# Vincent Price - a sculpting project by Mr. Chicken



## Mr_Chicken (Nov 26, 2008)

Here's what's in the works currently. The plan is to have a realistic bust of Vincent Price, with silicone skin, punched hair, acrylic eyes, etc. Should be a nice portfolio piece if it works out how I'm envisioning it.

I'm going for a "House on Haunted Hill" era Vincent.










Step 1: armature








The less the better, so it doesn't interfere with the proportions of the sculpture. The only reason to sculpt a head on top of another one is if it's going to be a mask.

Step 2: roughing out the sculpture








I use Chavant NSP Medium clay. This is a few sessions in. Still quite a ways to go, of course, but I thought y'all would like to see this from the beginning.

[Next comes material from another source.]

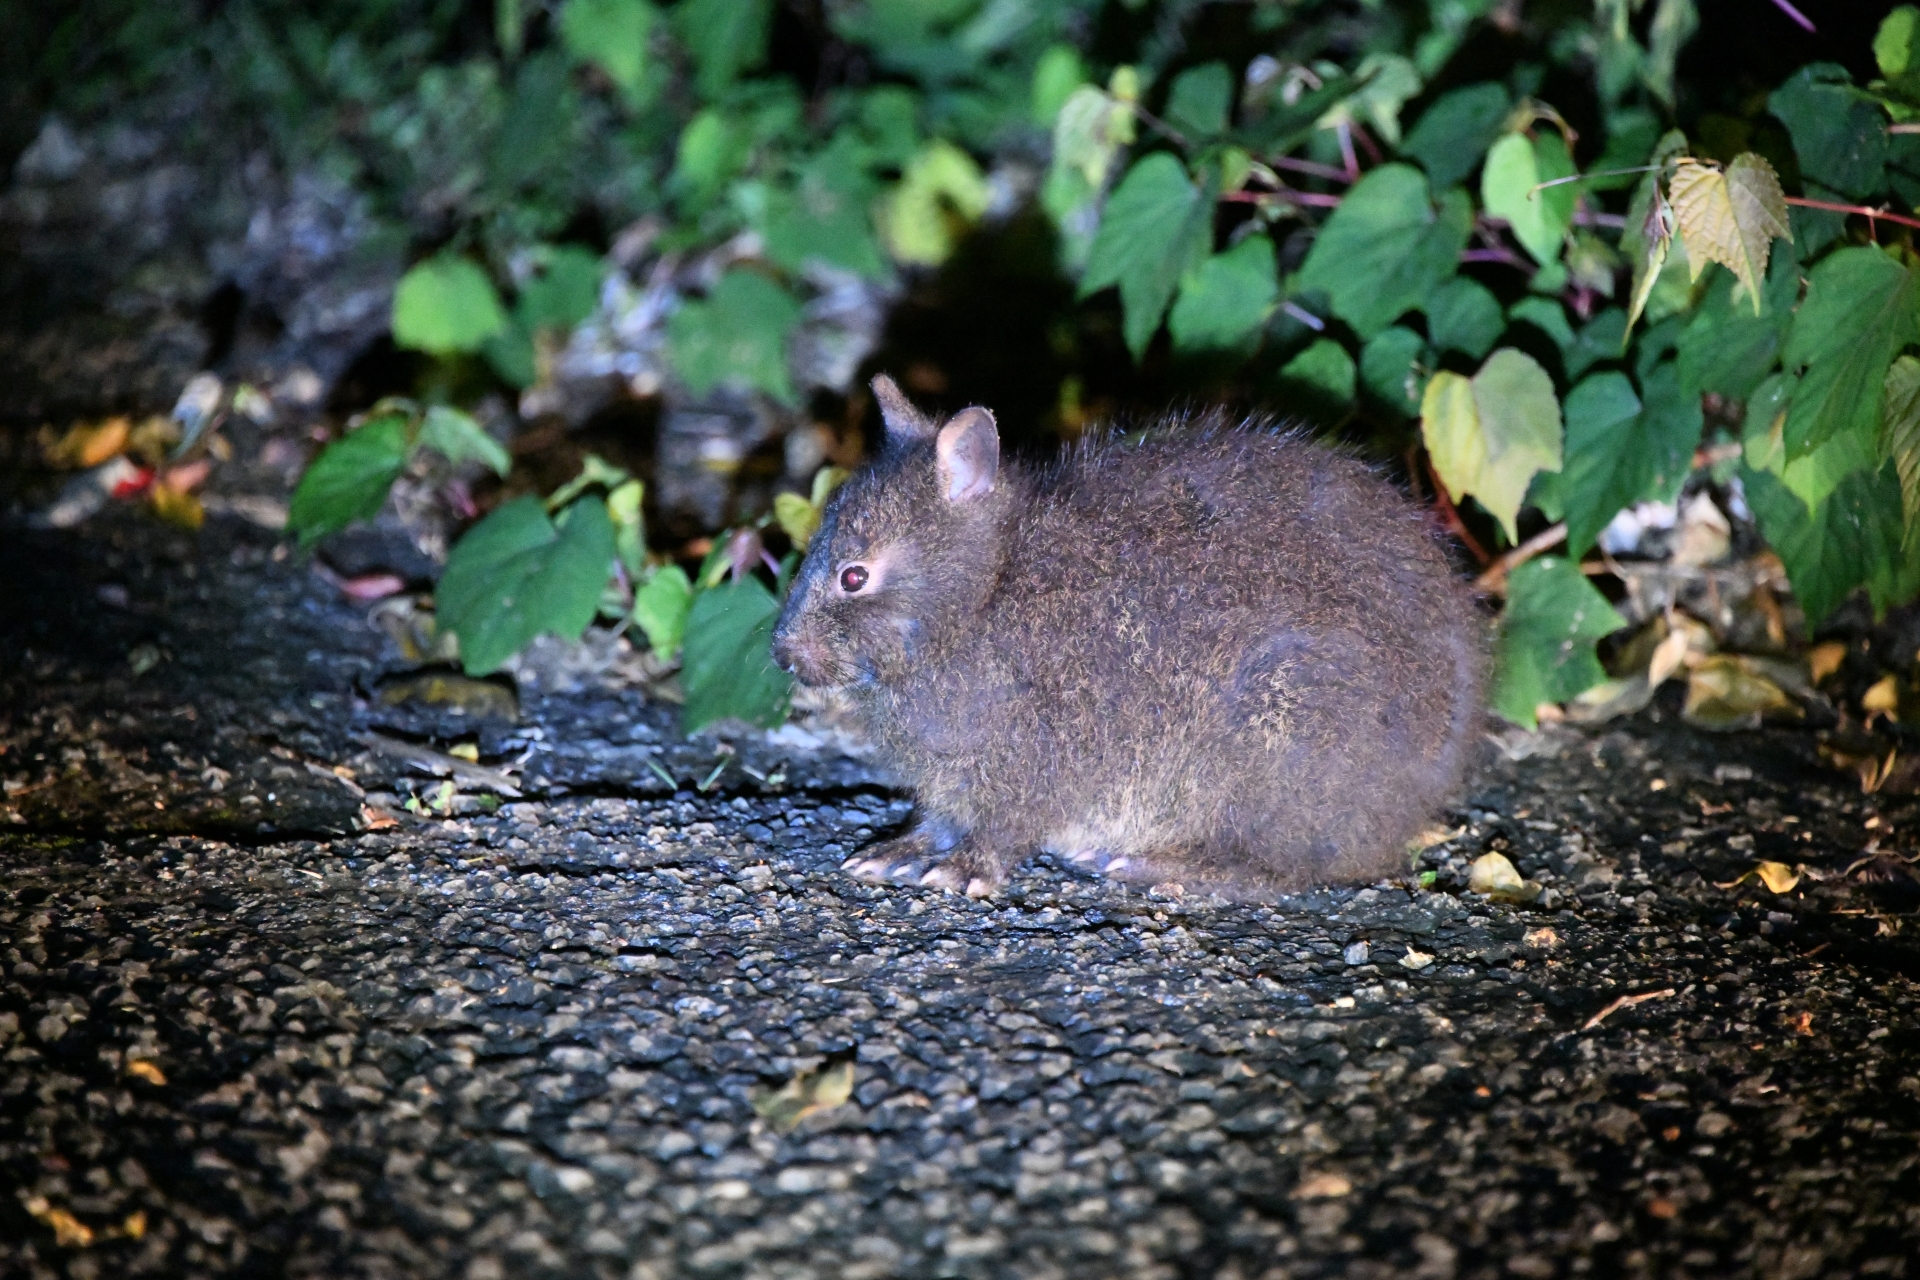 奄美大島に生息する「アマミノクロウサギ」とは？高確率で遭遇できる

Incidentally, if you're thinking about doing some sculpting, you may find my Fright Radio segment interesting: You might find my Fright Radio segment on sculpting interesting: http://chickenhaunt.blogspot.com/2014/02/sculpting-tips-fright-radio.html


----------



## Oaklawn Crematory (Oct 25, 2014)

Looking damn good poultry boy ! You captured his sly "cat got your tongue" look exceptionally well !


----------



## jdubbya (Nov 6, 2005)

Looks great Jasper. Even had you not shown the photo of him, one could look at the sculpt and tell who it is. Looking forward to the progress.


----------



## Hairazor (Mar 13, 2012)

Your talent is showing! He is such a classic I can't wait to see the finished piece


----------



## RoxyBlue (Oct 6, 2008)

Damn, from a ball of foil to a Vincent in two easy steps

You're amazing, Mr C. One day you shall be rich and famous, and the rest of us will be able to say we knew you when you were just a baby with budding talent:jol:


----------



## WingThing (Nov 14, 2014)

Lol I want one. Looks great and been a big fan of Vincent Price since I was a kid. You got to post your finished piece. Here is a few of his old radio shows that I sometime listen to when working on props. http://www.fearyoucanhear.com/shows/andromeda.php?q=f&f=/Price+of+Fear,+Vincent+Price


----------



## Spooky1 (Aug 25, 2008)

Even your roughing out version of Vincent looks spot on.


----------



## Mr_Chicken (Nov 26, 2008)

Thanks guys!

That's a great idea WingThing. I couldn't get that link you posted to play, but there's plenty on Youtube that I've been listening to today.

Another few hours in:


----------



## booberry crunch (Aug 14, 2014)

Wow! Looking really good, Mr. C!


----------



## Great Pumpkin (Feb 21, 2011)

Very nice Mr C! Loving it!!!


----------



## deadSusan (Jun 26, 2013)

Excellent!


----------



## RoxyBlue (Oct 6, 2008)

You know a sculptor is good when you can see the personality of the figure shining through the piece.


----------



## Mr_Chicken (Nov 26, 2008)

Thanks for the kind words, folks. Still a long way to go with this guy. Here's a few shots, each a couple days apart of the last week or so of progress



















And then I lost track of the likeness, and he went into a weird Timothy Dalton land for a short time. No pics of that stage, but today I think it's starting to shape back up:


----------



## punkineater (Apr 26, 2014)

..yes, what RoxyBlue said! Amazeballs :rolleyekin:


----------



## kprimm (Mar 14, 2009)

Wow! Very nice!


----------



## Great Pumpkin (Feb 21, 2011)

Awesome Mr.C


----------



## bobzilla (Nov 13, 2008)

Very haunting Mr. C!
Great work


----------



## RoxyBlue (Oct 6, 2008)

Hmmm, he does kind of look like Timothy Dalton a bit....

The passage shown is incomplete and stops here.